The final guidance, part of the FDA’s Home Use Devices Initiative, covers a range of design-related topics, including environmental considerations such as temperature, storage, and travel and international use. It also includes sections on user considerations, human factors, and labeling.
A draft version of the document was issued Dec. 13, 2012 and prompted comments from many in the industry, including the trade association AdvaMed, UL (Underwriters Laboratories), and leading device and diagnostic companies Johnson & Johnson (J&J) and GE Healthcare.
“After we received comments back on the draft guidance, we found that industry concerns were similar, as we received several comments on the same section,” said Mary Weick-Brady, senior policy advisor at the Center for Devices and Radiological Health. “Their questions, edits, and comments to the draft guidance were thoughtful, well documented with references, and beneficial to the final product.”
AdvaMed was among those that commented on what many had characterized as vagueness with some of the terms used in the draft document. It asked the FDA to define a lay person as someone without specialized knowledge or training, separating the concept from “user.” The agency did adopt language along those lines. Other comments, including those submitted by J&J, asked for an expanded definition of home use device. The FDA expanded the definition to include examples of environments outside the healthcare facility in which these products may be used, such as offices, schools, and emergency shelters.
Other comments expressed concern about the use of the terms “childproofing” and “tampering” in the environmental considerations section.
“Stakeholders brought these terms to our attention,” said Brady. “They strongly suggested we change ‘childproofing’ to ‘child resistant.’”
GE Healthcare was among those that suggested the use of childproofing could put too large of a burden on manufacturers. “The term ‘childproofing’ implies that the manufacturers are required to eliminate all hazards that may be associated with the potential access to the device by children. This standard is not achievable in practice.” The company suggested including language that device makers should consider the dangers posed to children during the design phase.

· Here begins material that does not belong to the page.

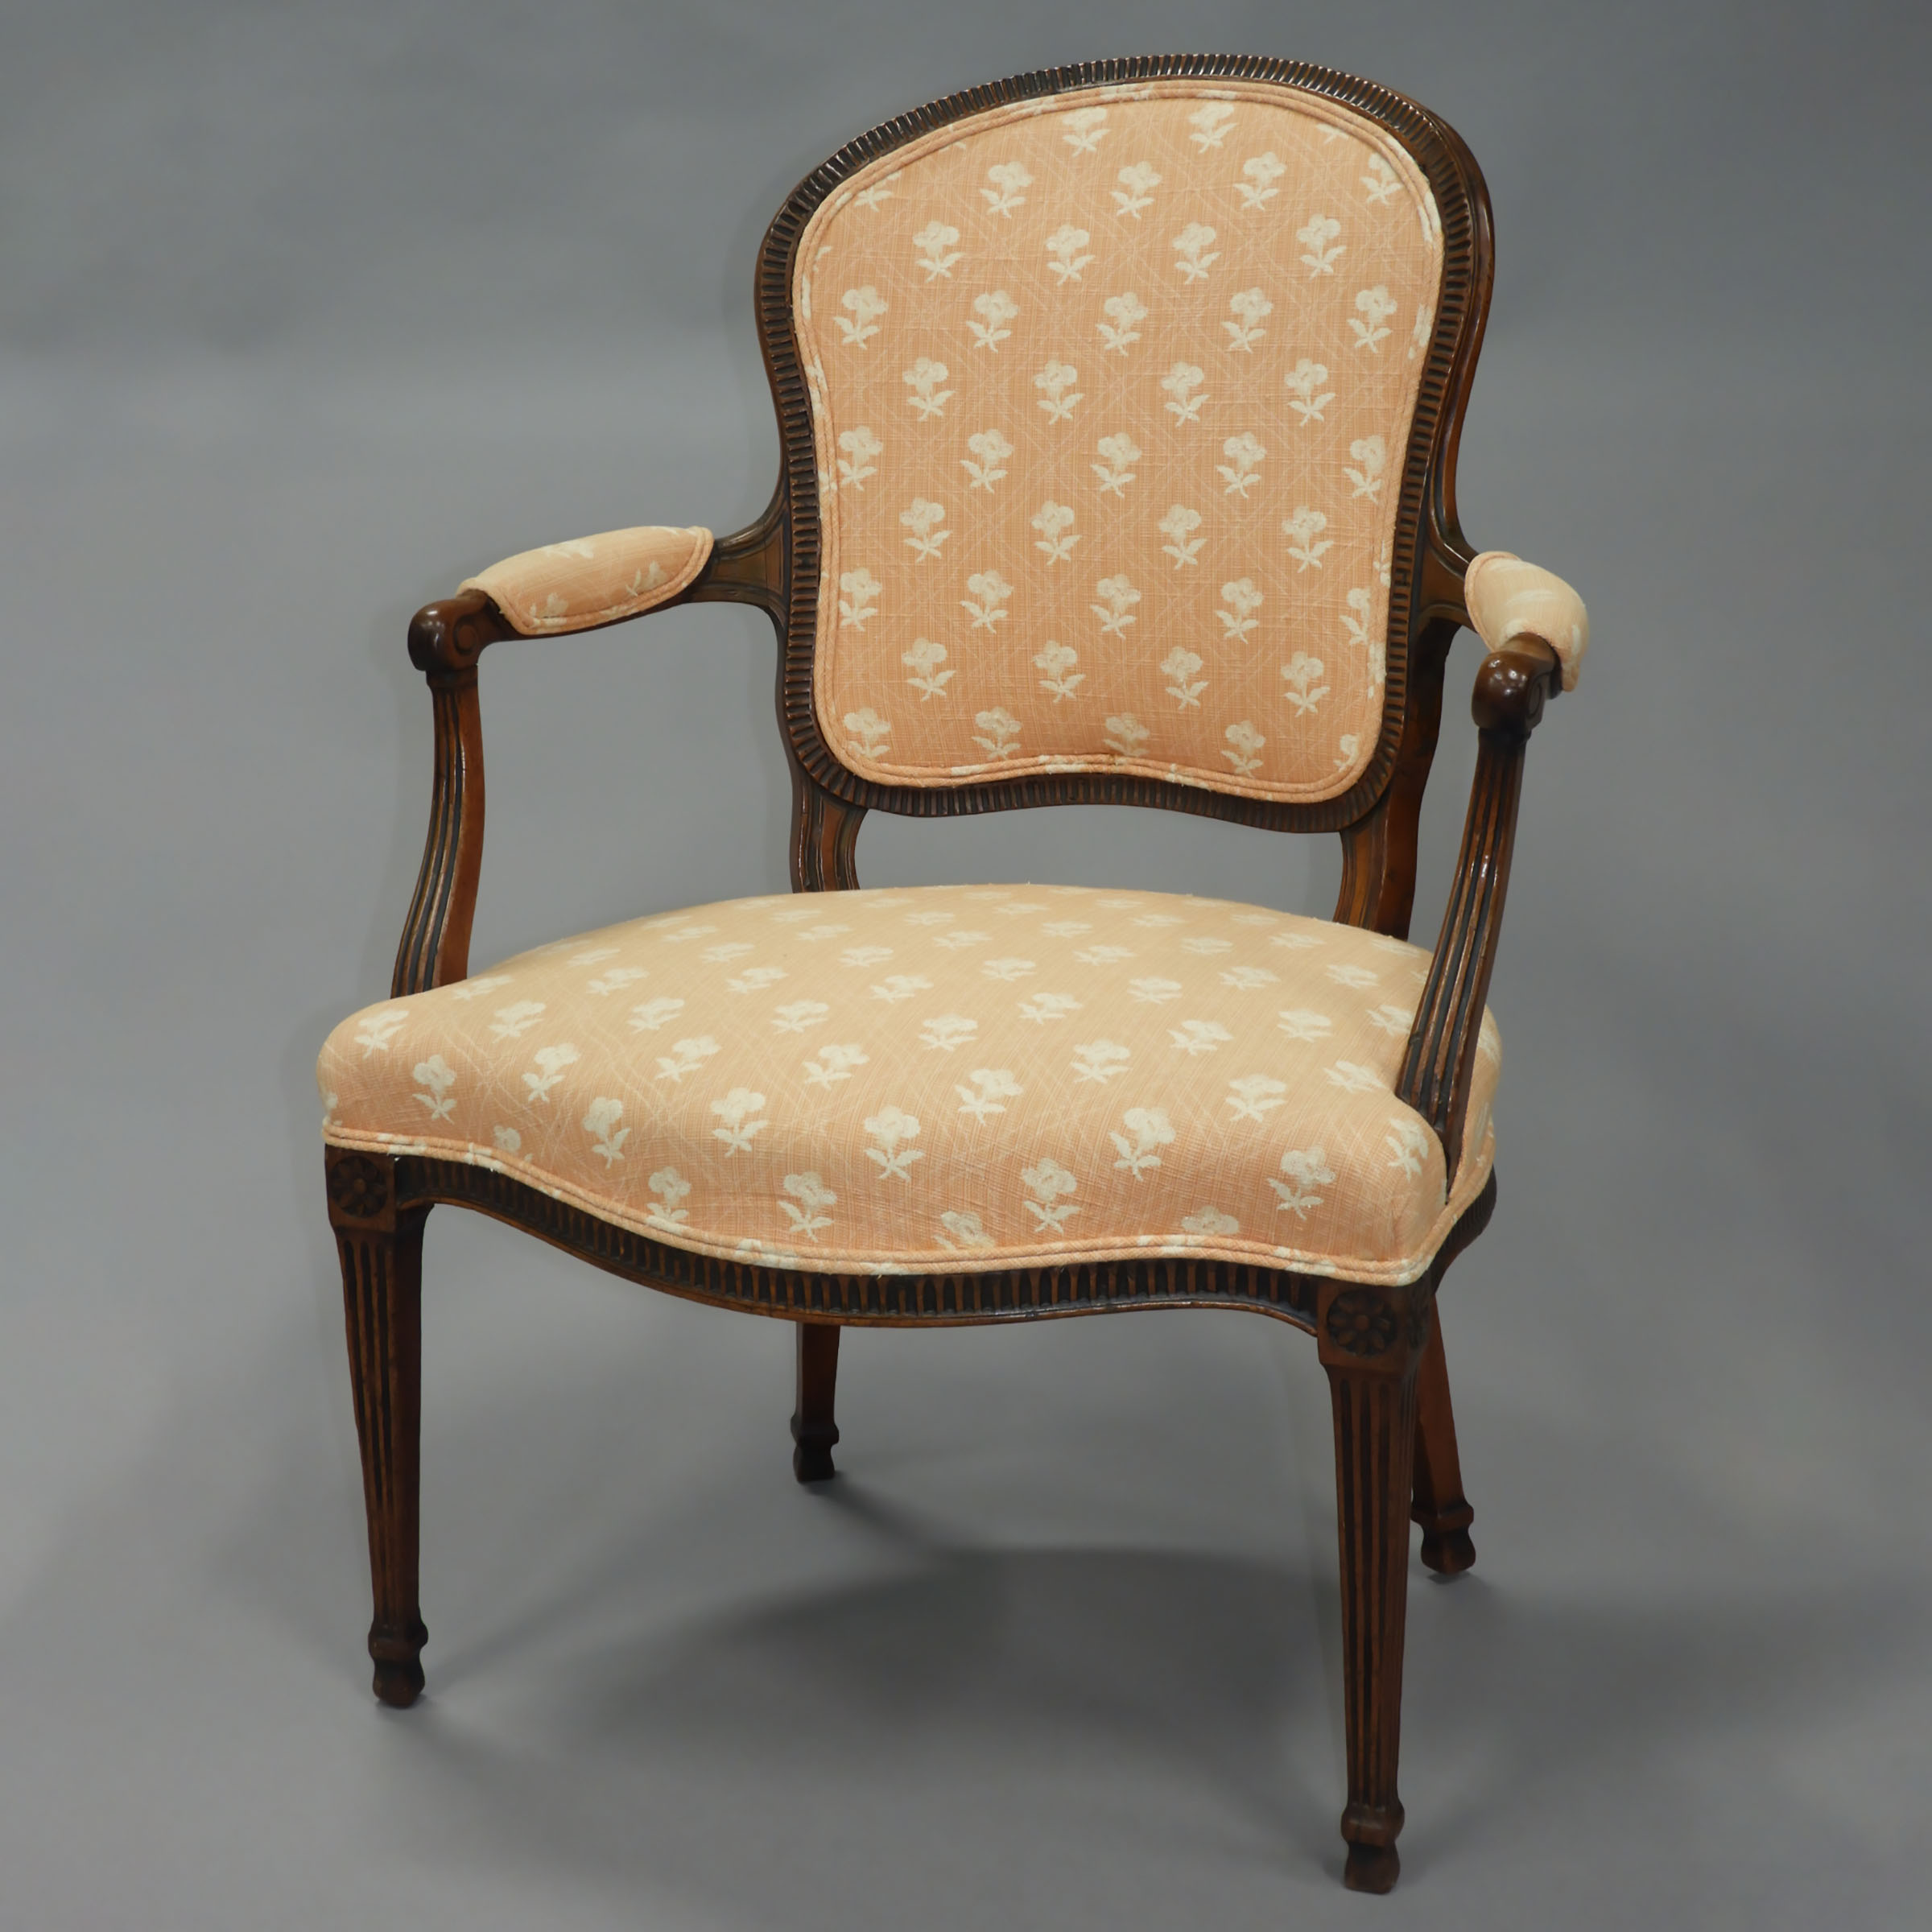 French Walnut Open Armchair, 19th century

The draft version also included a provision saying, “Home-use devices should be resistant to tampering.” AdvaMed called for a change of wording, as it is “unlikely a device can be ‘resistant’ to all tampering.” The advocacy group also questioned how the agency intended to evaluate tamper resistance.
In response to industry concerns, Brady said the FDA removed the two subsections covering these topics and put in the following sentence into Section VI. User Considerations: “You should consider that children or adults might interact with the device in inappropriate ways.”

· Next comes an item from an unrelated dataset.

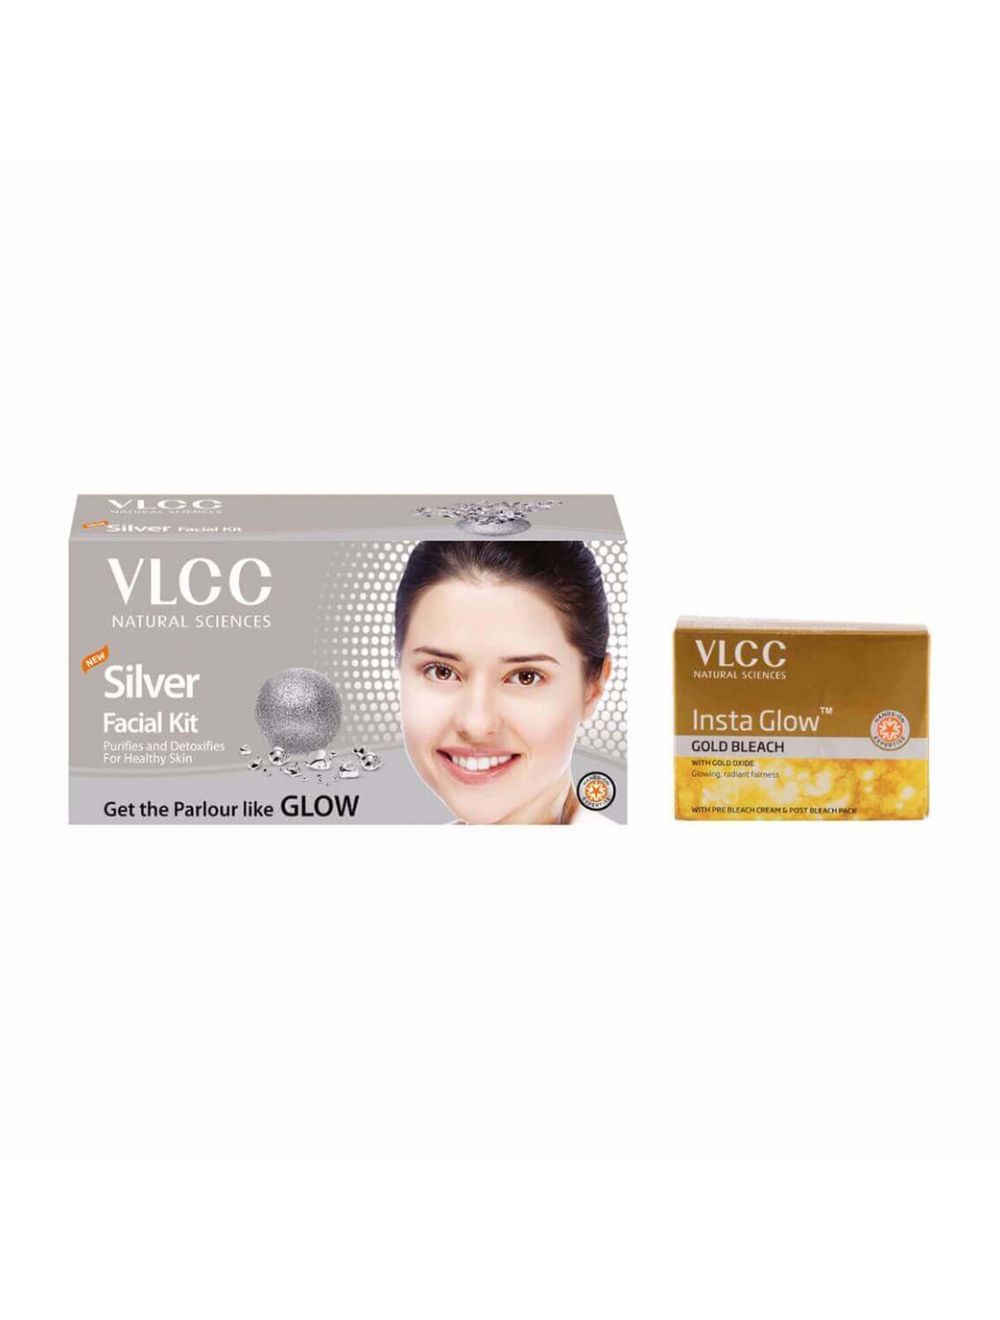 VLCC Silver Facial Kit & Insta Glow Gold Bleach Combo - Niram

Human factors is a major consideration when designing home-use devices, as users and their caregivers don’t have advanced training to handle the devices. The draft document included a provision calling on industry to provide ways to verify that users are getting the retraining they need.
In its comments, J&J called this requirement “not practical,” pointing out that users often don’t respond to requests from companies. It also highlighted that making such requests to users, whose identities often aren’t known by the manufacturers, might run afoul of the Health Insurance Portability and Accountability Act.

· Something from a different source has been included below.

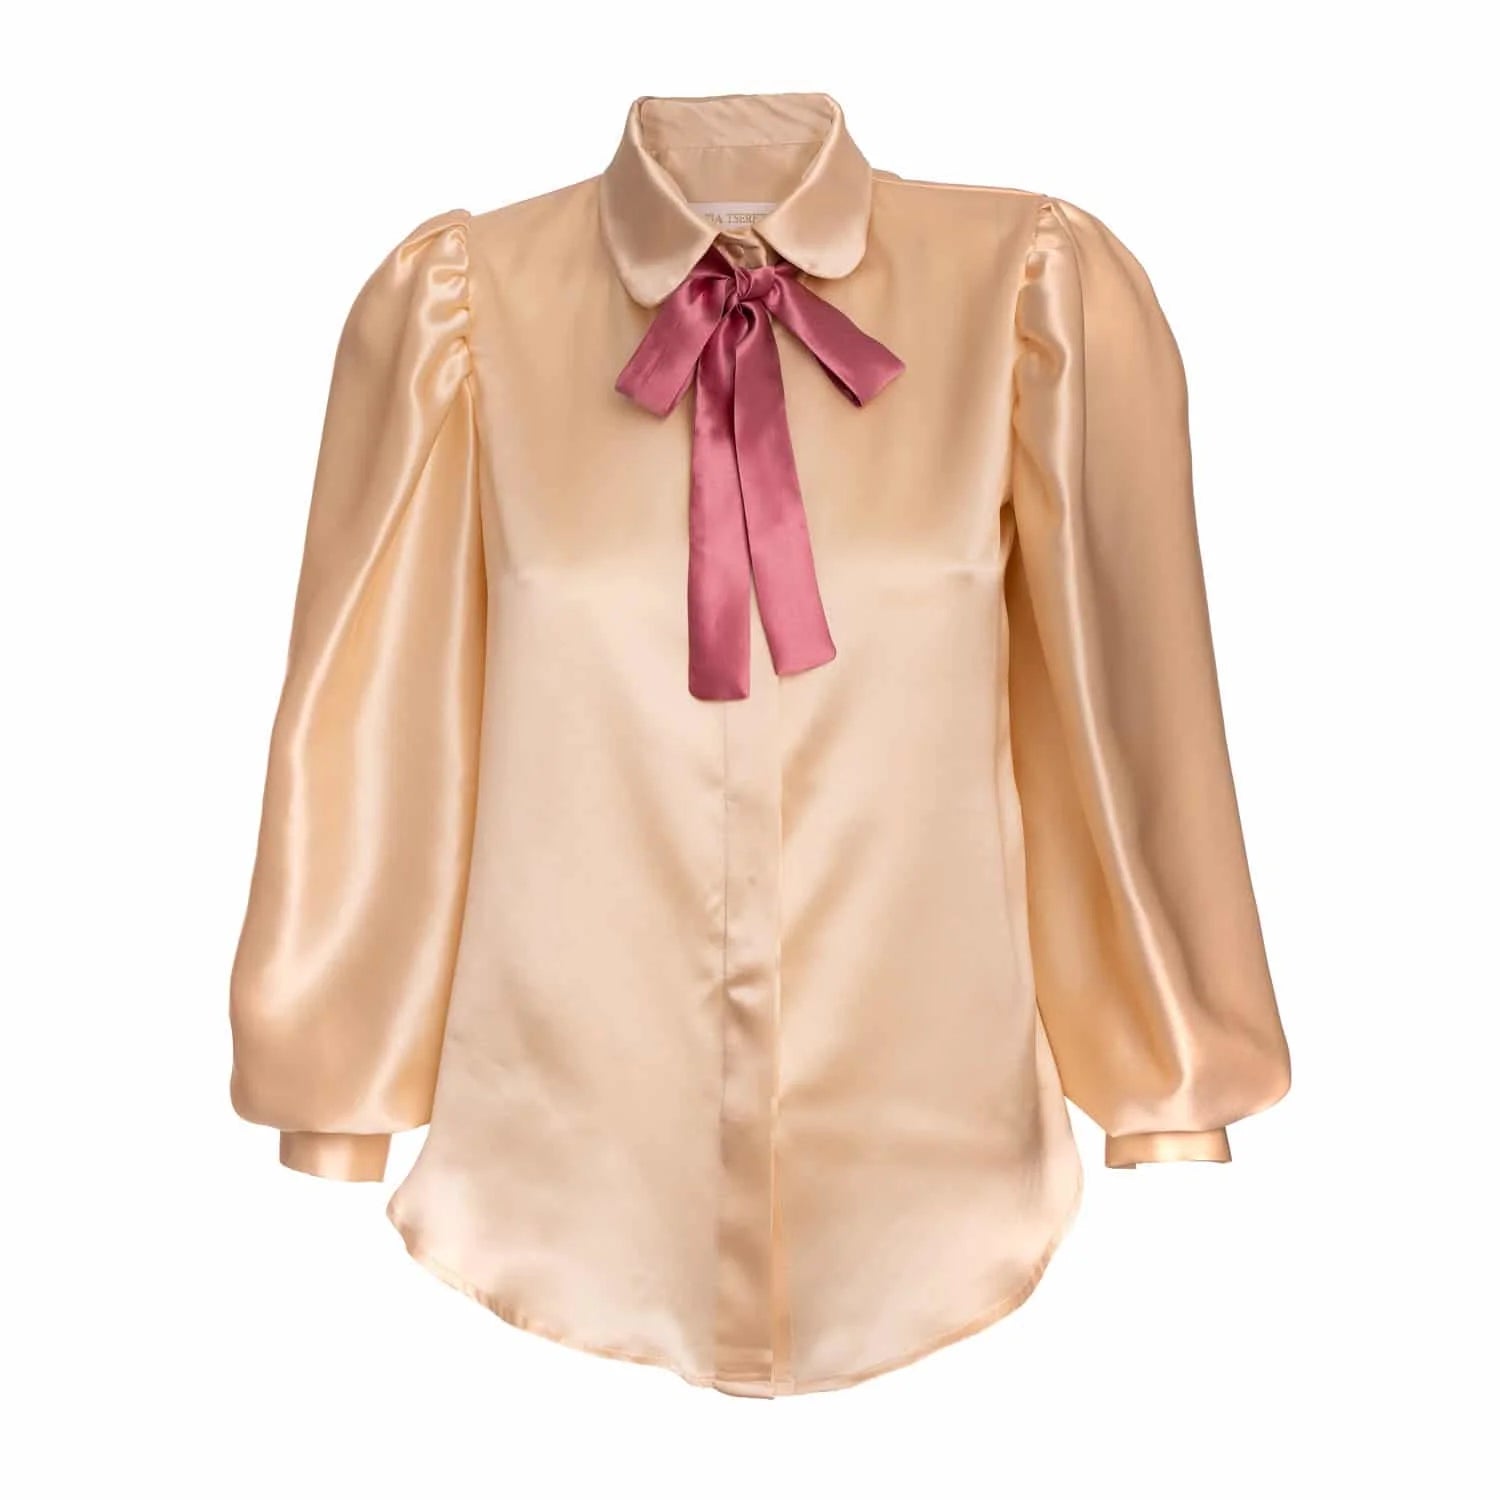 Ivory silk blouse - Blouse

While the final document emphasizes the importance of training, it doesn’t include a sentence calling for the verification of retraining.
AAMI has worked to bring the topic of home healthcare technology to the forefront. Last fall, the association and the FDA hosted the two-day summit titled Summit on Healthcare Technology in Nonclinical Settings, whose findings are included in a report. In addition, AAMI has a hot topics page devoted to the topic with a variety of free resources.